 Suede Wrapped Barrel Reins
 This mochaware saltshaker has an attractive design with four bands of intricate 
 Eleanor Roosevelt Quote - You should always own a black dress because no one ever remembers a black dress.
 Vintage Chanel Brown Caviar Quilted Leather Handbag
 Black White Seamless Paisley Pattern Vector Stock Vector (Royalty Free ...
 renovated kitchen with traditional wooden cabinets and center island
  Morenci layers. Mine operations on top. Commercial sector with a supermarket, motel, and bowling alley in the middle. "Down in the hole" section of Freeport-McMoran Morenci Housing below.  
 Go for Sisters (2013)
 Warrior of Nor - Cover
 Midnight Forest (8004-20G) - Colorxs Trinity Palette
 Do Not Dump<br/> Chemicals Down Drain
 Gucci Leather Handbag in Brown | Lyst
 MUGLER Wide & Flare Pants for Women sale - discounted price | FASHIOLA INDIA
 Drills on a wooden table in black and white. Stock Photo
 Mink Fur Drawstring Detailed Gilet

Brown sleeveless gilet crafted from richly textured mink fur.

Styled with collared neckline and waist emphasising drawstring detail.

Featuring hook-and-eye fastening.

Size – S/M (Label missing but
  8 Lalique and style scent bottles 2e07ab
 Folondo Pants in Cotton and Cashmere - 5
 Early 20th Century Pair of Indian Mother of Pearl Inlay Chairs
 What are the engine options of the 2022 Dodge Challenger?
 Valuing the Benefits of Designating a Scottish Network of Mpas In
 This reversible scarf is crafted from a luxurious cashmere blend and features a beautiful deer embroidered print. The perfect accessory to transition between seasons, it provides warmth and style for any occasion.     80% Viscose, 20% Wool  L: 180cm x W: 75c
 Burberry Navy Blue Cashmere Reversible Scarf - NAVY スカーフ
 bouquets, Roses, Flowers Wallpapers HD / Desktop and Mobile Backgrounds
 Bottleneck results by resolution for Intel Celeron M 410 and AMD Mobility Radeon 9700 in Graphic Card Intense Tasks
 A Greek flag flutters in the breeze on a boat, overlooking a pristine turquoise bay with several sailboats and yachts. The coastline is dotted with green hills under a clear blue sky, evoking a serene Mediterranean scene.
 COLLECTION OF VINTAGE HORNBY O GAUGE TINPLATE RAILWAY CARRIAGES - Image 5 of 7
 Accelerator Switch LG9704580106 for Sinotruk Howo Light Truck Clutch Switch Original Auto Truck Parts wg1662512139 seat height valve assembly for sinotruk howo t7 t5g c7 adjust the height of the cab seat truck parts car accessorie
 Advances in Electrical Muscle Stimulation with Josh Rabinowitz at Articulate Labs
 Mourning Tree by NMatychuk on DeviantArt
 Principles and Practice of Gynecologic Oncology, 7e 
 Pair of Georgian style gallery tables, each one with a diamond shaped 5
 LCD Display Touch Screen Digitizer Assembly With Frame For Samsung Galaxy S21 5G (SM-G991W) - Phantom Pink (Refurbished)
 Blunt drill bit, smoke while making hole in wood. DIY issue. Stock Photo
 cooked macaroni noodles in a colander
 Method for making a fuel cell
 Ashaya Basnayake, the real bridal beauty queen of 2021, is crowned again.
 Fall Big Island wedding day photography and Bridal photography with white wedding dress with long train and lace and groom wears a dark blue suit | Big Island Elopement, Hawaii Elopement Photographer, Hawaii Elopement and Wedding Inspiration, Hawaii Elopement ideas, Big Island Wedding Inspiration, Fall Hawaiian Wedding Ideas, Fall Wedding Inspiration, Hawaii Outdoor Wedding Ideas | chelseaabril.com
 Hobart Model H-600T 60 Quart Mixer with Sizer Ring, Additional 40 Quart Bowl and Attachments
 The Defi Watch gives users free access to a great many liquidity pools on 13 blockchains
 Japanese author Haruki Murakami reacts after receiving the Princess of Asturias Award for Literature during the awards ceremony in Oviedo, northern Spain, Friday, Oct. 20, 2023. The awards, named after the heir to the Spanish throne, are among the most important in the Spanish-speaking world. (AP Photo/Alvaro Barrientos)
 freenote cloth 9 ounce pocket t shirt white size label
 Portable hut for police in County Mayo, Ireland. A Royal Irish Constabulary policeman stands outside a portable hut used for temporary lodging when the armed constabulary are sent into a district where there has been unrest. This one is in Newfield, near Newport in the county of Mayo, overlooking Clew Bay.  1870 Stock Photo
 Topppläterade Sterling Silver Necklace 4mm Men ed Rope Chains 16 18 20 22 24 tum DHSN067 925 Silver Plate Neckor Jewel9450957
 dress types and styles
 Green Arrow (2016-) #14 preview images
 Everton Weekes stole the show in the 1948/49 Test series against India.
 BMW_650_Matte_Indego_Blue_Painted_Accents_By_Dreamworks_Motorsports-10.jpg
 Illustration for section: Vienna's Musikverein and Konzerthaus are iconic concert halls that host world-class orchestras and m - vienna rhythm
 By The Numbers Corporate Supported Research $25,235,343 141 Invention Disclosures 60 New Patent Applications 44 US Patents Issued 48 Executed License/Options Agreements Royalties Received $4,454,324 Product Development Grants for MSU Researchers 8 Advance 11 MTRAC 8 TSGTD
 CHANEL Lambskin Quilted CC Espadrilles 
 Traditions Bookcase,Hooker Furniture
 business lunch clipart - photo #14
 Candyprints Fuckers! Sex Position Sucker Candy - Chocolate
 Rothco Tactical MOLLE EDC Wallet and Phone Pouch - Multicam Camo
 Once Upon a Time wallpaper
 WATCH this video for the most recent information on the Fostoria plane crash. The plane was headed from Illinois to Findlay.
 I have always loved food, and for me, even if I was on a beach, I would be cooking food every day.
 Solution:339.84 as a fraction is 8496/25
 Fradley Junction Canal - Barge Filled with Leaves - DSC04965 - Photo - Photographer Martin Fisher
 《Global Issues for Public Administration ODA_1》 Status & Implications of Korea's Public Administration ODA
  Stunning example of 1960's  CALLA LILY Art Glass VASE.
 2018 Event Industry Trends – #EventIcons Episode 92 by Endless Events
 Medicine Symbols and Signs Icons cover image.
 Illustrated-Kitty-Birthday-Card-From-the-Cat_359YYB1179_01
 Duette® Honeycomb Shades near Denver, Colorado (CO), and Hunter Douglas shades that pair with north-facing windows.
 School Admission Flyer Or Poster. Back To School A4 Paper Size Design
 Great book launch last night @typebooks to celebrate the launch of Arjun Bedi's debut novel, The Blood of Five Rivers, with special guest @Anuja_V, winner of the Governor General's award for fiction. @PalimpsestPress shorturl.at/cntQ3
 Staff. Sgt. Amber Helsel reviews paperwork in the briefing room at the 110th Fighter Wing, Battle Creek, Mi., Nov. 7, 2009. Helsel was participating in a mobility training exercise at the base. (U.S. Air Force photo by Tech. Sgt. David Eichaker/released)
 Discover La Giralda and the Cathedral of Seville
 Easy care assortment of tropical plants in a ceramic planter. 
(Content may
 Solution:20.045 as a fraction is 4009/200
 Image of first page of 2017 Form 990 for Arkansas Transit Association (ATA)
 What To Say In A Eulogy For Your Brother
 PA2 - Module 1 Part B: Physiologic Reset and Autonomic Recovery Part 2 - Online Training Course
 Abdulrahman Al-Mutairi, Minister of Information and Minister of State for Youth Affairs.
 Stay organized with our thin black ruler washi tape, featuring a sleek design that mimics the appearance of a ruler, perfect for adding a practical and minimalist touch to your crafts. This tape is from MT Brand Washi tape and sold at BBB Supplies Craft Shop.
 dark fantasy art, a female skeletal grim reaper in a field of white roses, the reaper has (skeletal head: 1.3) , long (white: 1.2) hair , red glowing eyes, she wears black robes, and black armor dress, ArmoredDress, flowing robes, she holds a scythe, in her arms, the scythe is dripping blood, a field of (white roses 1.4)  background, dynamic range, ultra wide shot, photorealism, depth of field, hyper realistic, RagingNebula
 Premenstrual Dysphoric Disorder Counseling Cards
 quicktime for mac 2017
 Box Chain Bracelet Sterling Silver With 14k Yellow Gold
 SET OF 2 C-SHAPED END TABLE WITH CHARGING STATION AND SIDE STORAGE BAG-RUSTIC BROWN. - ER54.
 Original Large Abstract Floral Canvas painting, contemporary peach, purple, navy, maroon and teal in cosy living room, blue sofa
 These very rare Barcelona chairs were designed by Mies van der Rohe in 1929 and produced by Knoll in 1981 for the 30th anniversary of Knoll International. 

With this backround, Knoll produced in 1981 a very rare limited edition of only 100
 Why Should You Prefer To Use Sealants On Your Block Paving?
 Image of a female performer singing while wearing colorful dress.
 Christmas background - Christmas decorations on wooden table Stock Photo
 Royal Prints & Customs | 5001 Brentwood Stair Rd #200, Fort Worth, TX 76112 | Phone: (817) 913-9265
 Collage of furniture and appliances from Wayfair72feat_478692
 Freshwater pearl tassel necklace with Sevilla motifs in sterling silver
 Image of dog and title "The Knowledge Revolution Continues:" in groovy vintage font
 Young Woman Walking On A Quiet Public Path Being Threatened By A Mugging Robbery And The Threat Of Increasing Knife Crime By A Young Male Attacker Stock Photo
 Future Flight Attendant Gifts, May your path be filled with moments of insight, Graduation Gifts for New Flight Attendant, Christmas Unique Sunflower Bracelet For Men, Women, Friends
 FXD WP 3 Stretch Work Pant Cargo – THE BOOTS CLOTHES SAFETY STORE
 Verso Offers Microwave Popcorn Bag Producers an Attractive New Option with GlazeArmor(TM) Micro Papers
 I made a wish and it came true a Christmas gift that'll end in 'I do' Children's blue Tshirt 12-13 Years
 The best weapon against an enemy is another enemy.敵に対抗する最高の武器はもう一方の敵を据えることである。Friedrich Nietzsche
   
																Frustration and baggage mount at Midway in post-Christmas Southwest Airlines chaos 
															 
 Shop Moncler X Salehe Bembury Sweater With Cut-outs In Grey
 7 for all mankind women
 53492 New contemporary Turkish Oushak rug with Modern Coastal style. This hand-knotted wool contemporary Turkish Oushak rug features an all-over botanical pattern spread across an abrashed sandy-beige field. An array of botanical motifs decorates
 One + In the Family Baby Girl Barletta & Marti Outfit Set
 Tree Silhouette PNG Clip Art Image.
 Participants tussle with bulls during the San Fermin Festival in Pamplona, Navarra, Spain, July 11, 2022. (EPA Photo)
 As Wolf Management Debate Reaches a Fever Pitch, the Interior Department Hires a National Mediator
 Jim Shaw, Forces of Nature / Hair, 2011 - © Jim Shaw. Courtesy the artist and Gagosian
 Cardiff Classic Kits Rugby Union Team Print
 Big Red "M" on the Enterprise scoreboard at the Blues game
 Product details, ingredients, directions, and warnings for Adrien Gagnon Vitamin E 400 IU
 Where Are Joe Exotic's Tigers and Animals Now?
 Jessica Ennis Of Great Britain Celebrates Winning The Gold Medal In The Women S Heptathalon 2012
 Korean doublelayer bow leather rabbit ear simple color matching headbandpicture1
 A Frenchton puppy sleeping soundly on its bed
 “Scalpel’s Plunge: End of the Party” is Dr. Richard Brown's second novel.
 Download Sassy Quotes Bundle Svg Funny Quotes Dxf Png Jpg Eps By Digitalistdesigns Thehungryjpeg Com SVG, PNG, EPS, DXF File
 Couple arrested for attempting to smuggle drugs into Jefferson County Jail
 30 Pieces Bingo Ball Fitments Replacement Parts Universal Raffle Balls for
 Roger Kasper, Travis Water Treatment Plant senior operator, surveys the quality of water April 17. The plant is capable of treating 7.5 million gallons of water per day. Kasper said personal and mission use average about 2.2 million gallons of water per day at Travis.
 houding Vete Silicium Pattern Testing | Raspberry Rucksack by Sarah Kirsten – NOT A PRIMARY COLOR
┄┄┄┄┄┄┄┄┄┄
Exercise instructions
The word "world" appears in some lines of the data. Copy every one of those lines.

Your response
 Japanese author Haruki Murakami reacts after receiving the Princess of Asturias Award for Literature during the awards ceremony in Oviedo, northern Spain, Friday, Oct. 20, 2023. The awards, named after the heir to the Spanish throne, are among the most important in the Spanish-speaking world. (AP Photo/Alvaro Barrientos)
 Illustration for section: Vienna's Musikverein and Konzerthaus are iconic concert halls that host world-class orchestras and m - vienna rhythm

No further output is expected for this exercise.